Subjects: Migration Amendment (Validation of Decisions) Bill 2017.
Thanks for your time this morning Peter.
Pleasure mate. Thank you.
Can you talk us through your decision to change the legislation and why you've come to that in the last 24 hours?
Yeah well Luke, the law's been around since 1998 and what it allows for is the Immigration Minister to receive information from agencies like the Australian Federal Police and ASIO, but to do it on the basis that we don't release that information.
So obviously the intelligence that they gather; it might be through informants, it might be through methods that they don't want to publicly disclose – so that's not unusual within the law enforcement or intelligence space – but they provide that information and based on that information, the Immigration Minister can decide to cancel a visa on character grounds. So it's been around a long time and if the relationship was breached – that is if the Minister disclosed that information – then I think the agencies would take a decision that they didn't want to provide information in the next case.
So there was a case that was brought before the High Court and it was resolved that…there were legal technicalities around it, but resolved that decisions in relation to those visa cancellations shouldn't stand.
So what we did was passed a Bill through the Parliament which gave effect to the original decision; that is that it reinforced the decision that I had made in relation to people, including Mr Martin, people that had been involved in outlaw motorcycle gangs, been involved in organised crime, some pretty nasty characters amongst them. So it means that they won't have the decisions overturned and that their visas remain cancelled, so there's no change for them.
Peter you were knocked off six-one by the High Court yesterday – basically their thesis was that you were hiding behind the, or you were using the legislation to not put forward the reasons why these people had been extradited.
Shane Martin's last recorded transgression we believe was January 2004. He was convicted and fined for possession of drug of dependence, possessing ecstasy and cannabis. He has got previous raps including unlawful assault, burglary, armed with intent, criminal damage, resisting police, where he get 250 hours of community service and a few other things.
Peter, when would you be in a position to let us know, if at all, what these people have allegedly done which would obviously add more strength to your argument that they shouldn't come back?
Well Ed, I don't want to concentrate on the Martin case in particular but…
…so make it others, we'll open it right up…
…talking in general, particularly around people that have been members of outlaw motorcycle gangs; now there are lots of families across Victoria, across the country, who are living with kids who are on ice – people are seeing it particularly in rural areas, people that have died of overdoses – the outlaw motorcycle gang members are the biggest distributers of amphetamines in this country. They are involved in extortion, they're involved in robberies, all sorts of activities.

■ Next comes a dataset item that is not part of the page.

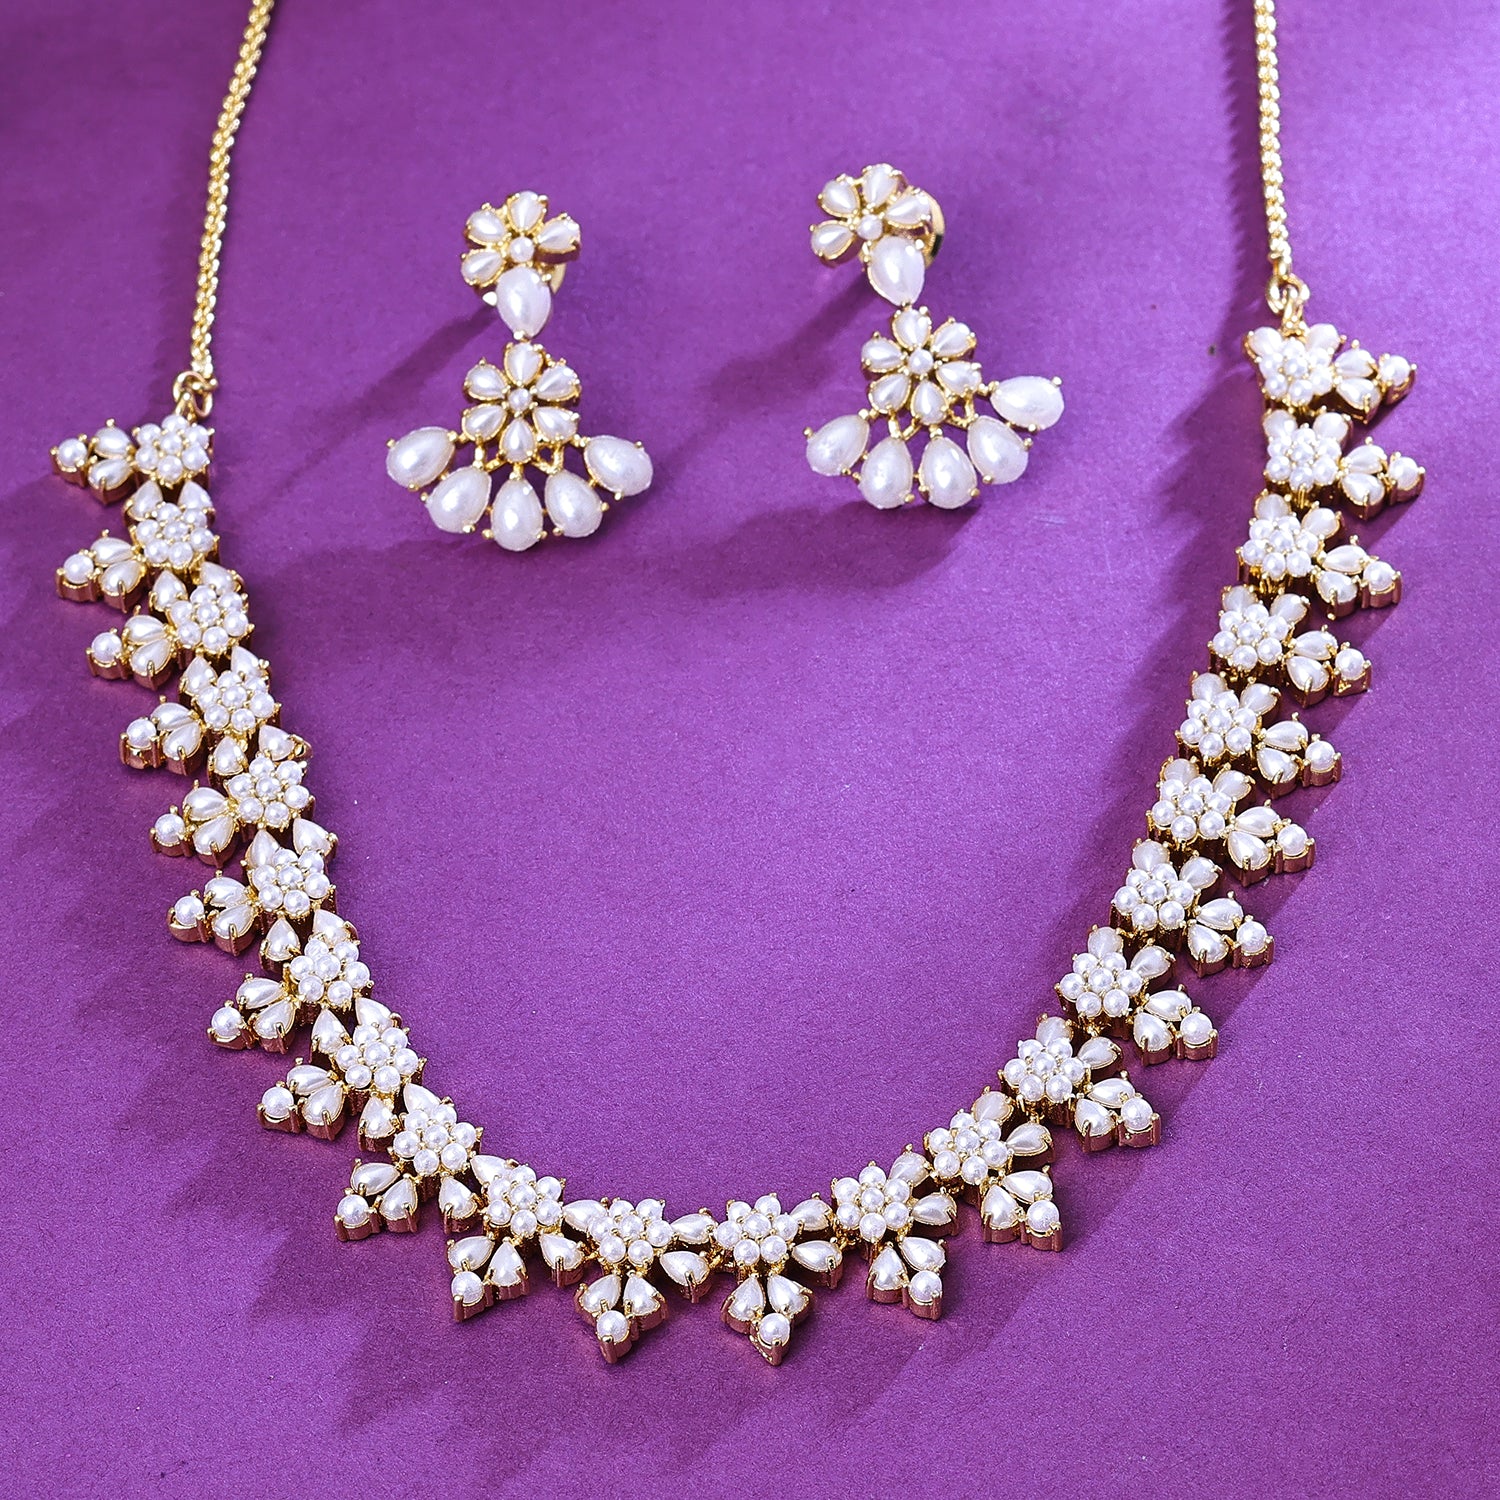 Swarovski Symbolic necklace, Set (2), Moon and star, Black, Rose gold-tone  plated

There's a lot of information that we receive on the confidential basis because the way that it's been gathered, either through informants or other methods and the police or ASIO don't want us to release that information. So as I say, that is standard police practice and I think people can understand that.
So all I can say is that behind each of these cases there is a different picture that the Minister of the day is made aware of and then we need to make a decision within the laws – and there are lots of protections within the laws – but we need to make the decision within the law because I have to take into consideration the impact on other families that some of this activity that these people have been involved in has resulted in – families that have had their lives destroyed, kids that have taken overdoses; their father or mother will never see that child again. So I understand the impact on individual families and I feel for the Martin family in the circumstances, but I've got to take into consideration not only those people that have been victims of crimes that have been committed by outlaw motorcycle gang members and those associated with them, but also the future impact; that is we want to try and reduce crime.
I don't want to see the availability of ice and amphetamine. I don't want to see outlaw motorcycle gang members involved in extortion and standover tactics and these aren't people who are involved in legitimate businesses. Outlaw motorcycle gang members are involved in organised criminal activity and it's the case here, it's the case in the United States, in New Zealand and elsewhere that that's the way that they run.
Now if they do that they make decisions that sadly impact negatively, not only on other people's families, but ultimately on their own families as well and so I need to take all of that into consideration and as I say do it within the law.
Peter, yesterday six-one against; isn't the chain of events though traditionally that the law enforcement agencies and your Department find these people, prosecute them, but they go to the courts who make that decision, that that's the way we go, that we have people who actually catch the alleged criminals, put them before the courts, find their guilt or otherwise and then a decision is made from there.
How does that differ from what was said at the High Court yesterday?
Well Ed it's a good point and you're right, but the visa or immigration law if you like sits completely outside of the criminal law. So we're not punishing somebody for a crime that they committed. I mean if you've committed unlawful assault, burglary, armed with intent, criminal damage, resisting police, drug related offences, you're a member of an outlaw motorcycle gang; we're proposing…
…apart from that...
…well apart from that you're of good character, right..? But if you've committed those offences, the courts deal with you and they impose the fines. They give you a fine or they give you a sentence. That's a criminal law matter.
I'm not involved in that space. My responsibility is for people who are here on visas. They're granted visas on condition that they abide by, or within the law, that they don't commit offences against Australians.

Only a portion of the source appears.